Task instructions
Would you please transcribe the data in full and exactly, excluding images?

Data segment
= = = =

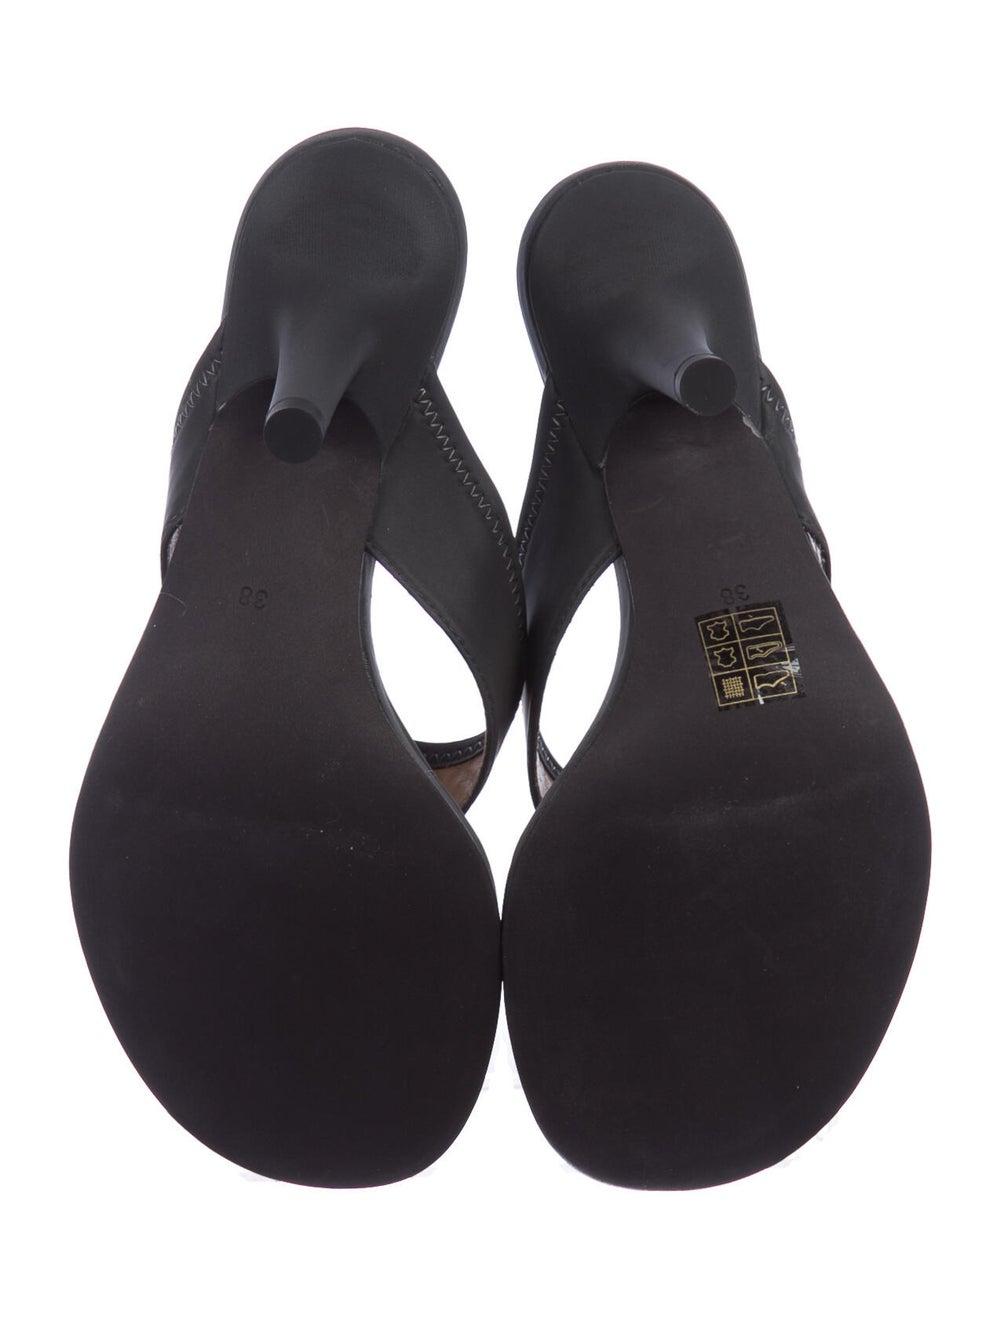 Yeezy T-Strap Sandals Grey - image 5
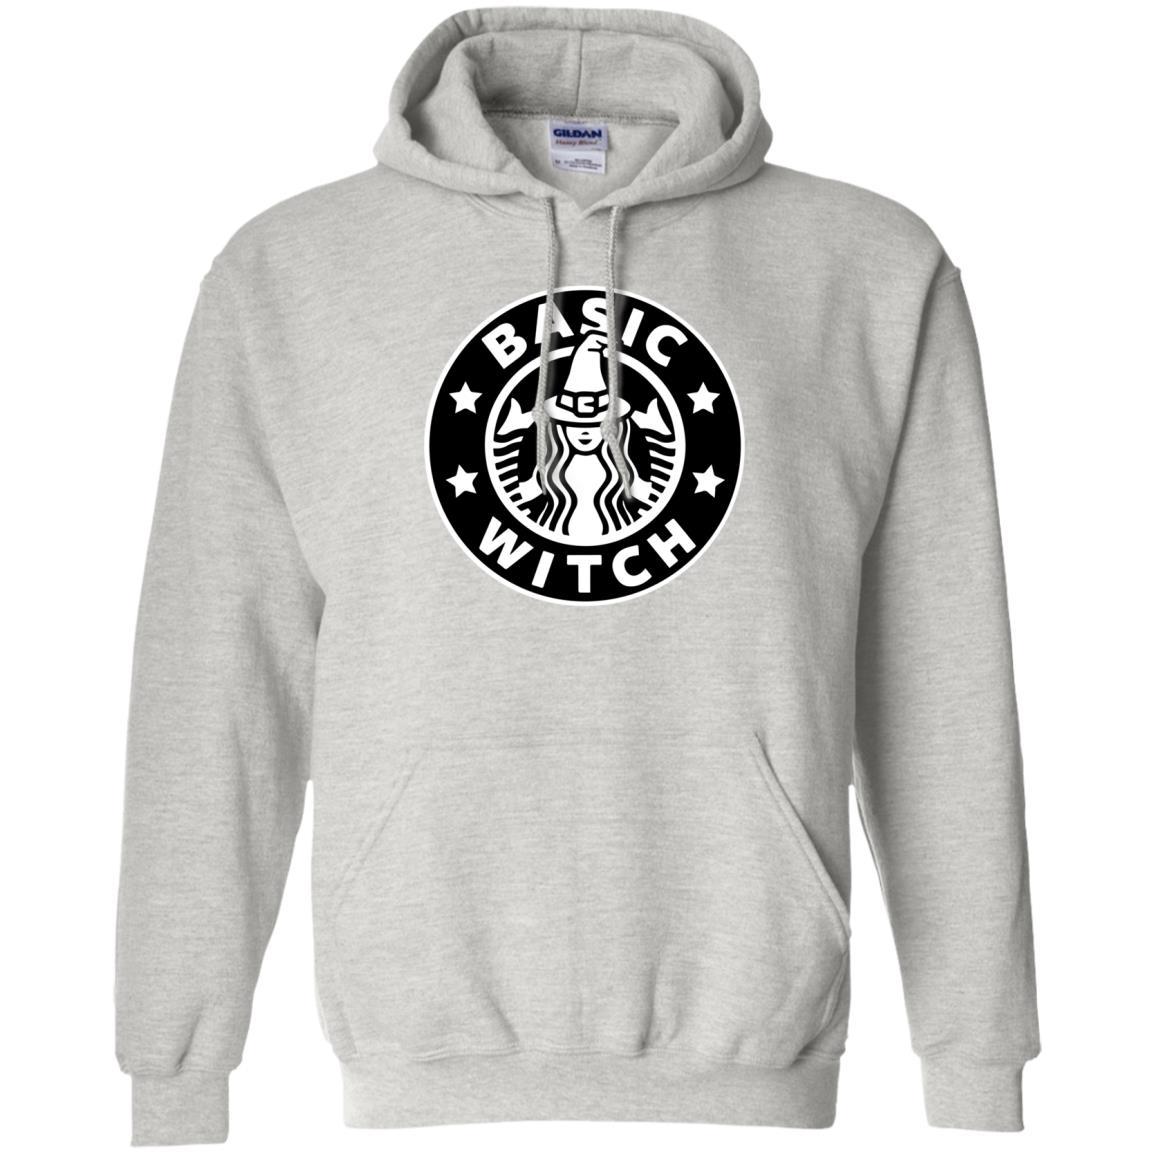 image 1018 - Basic Witch Shirt, Halloween Starbuck parody
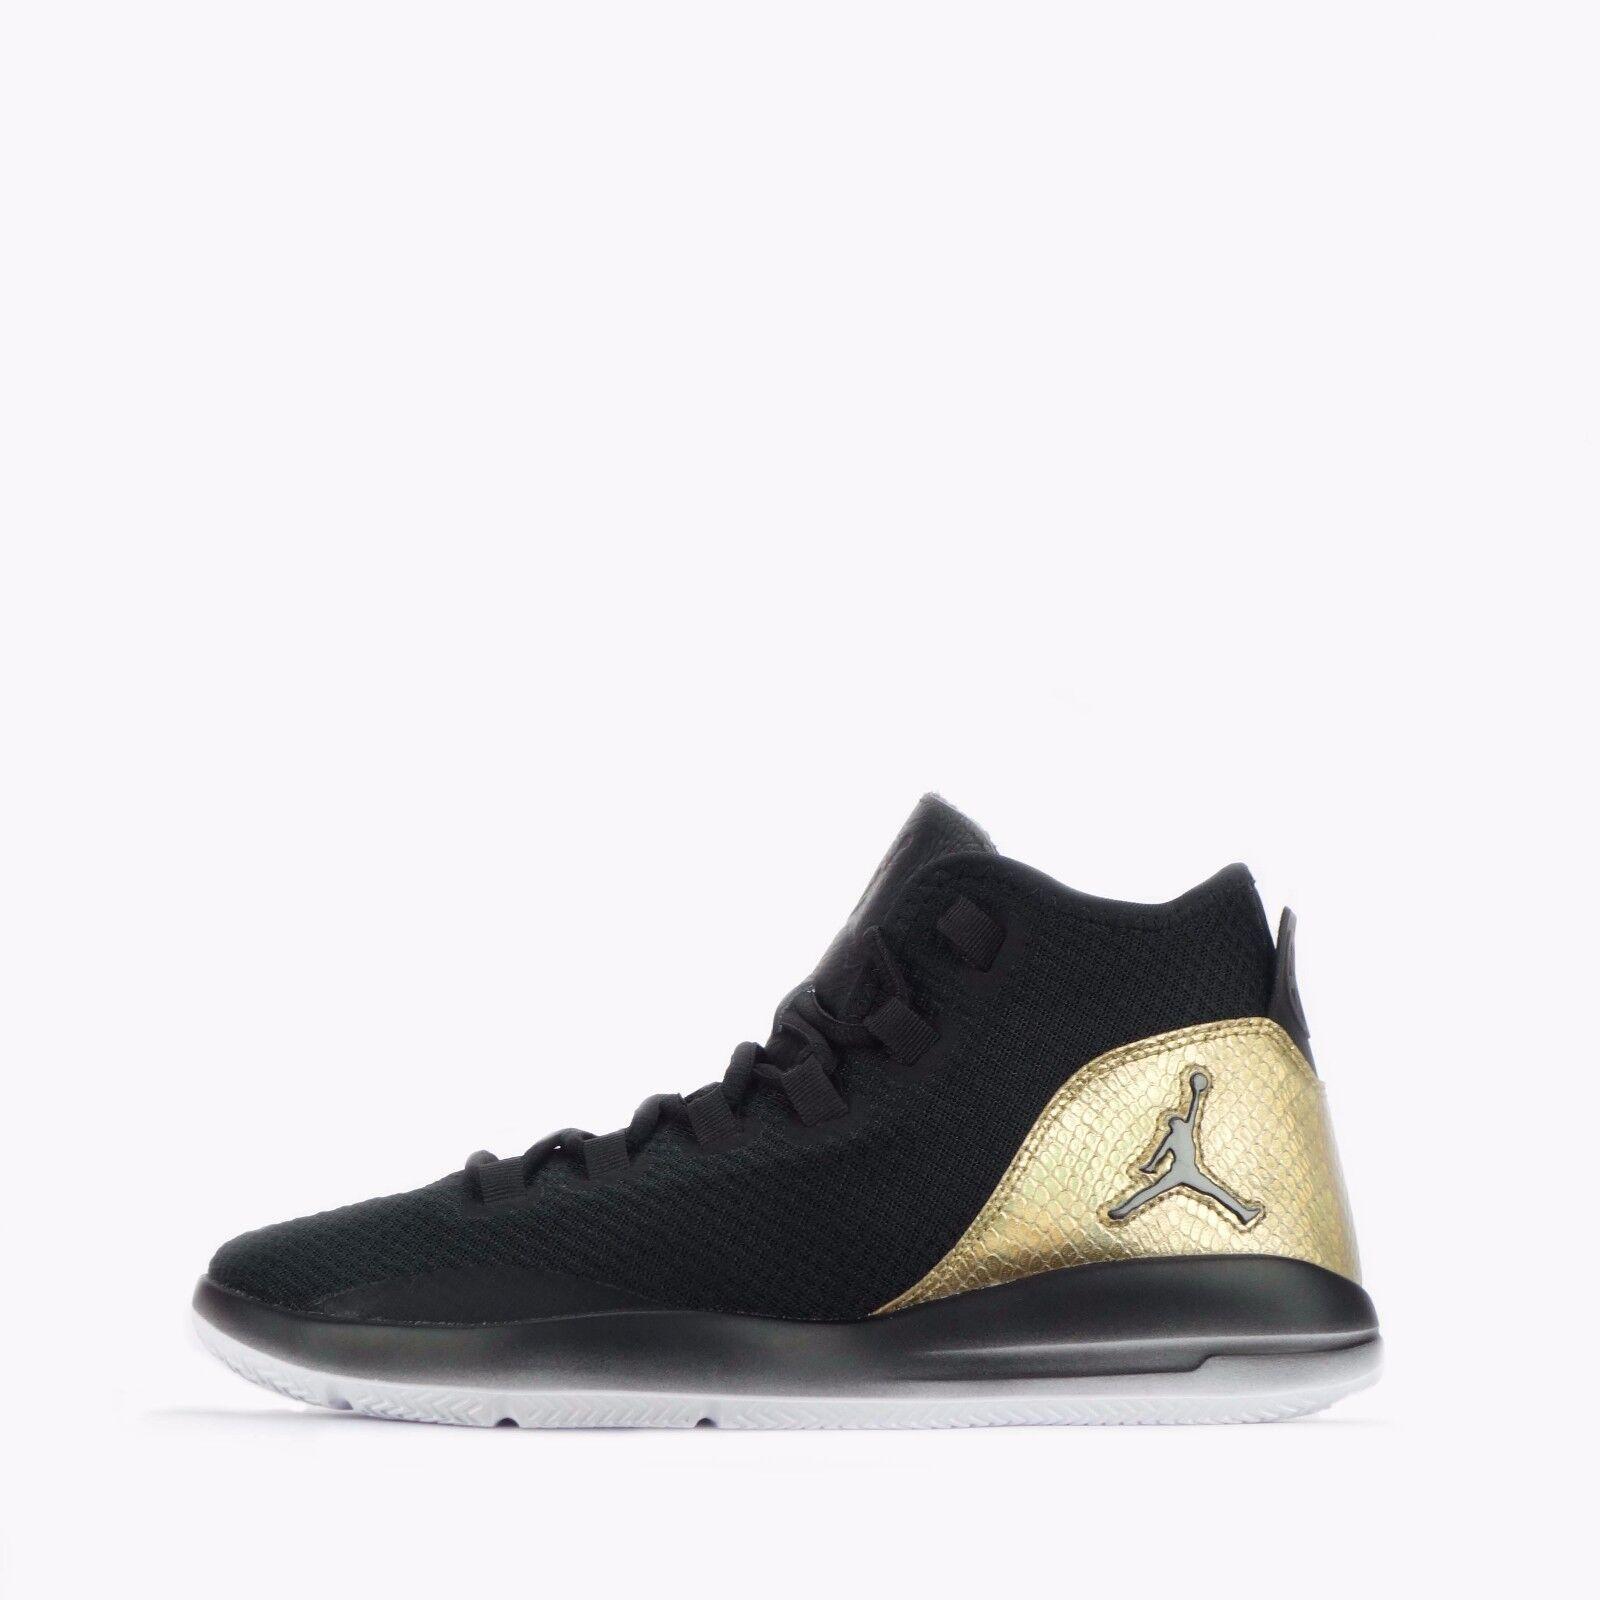 Nike Jordan Reveal Q54 Men's Trainers Black/Metallic Gold

= = = =

Result of this exercise
 Yeezy T-Strap Sandals Grey - image 5
 image 1018 - Basic Witch Shirt, Halloween Starbuck parody
 Nike Jordan Reveal Q54 Men's Trainers Black/Metallic Gold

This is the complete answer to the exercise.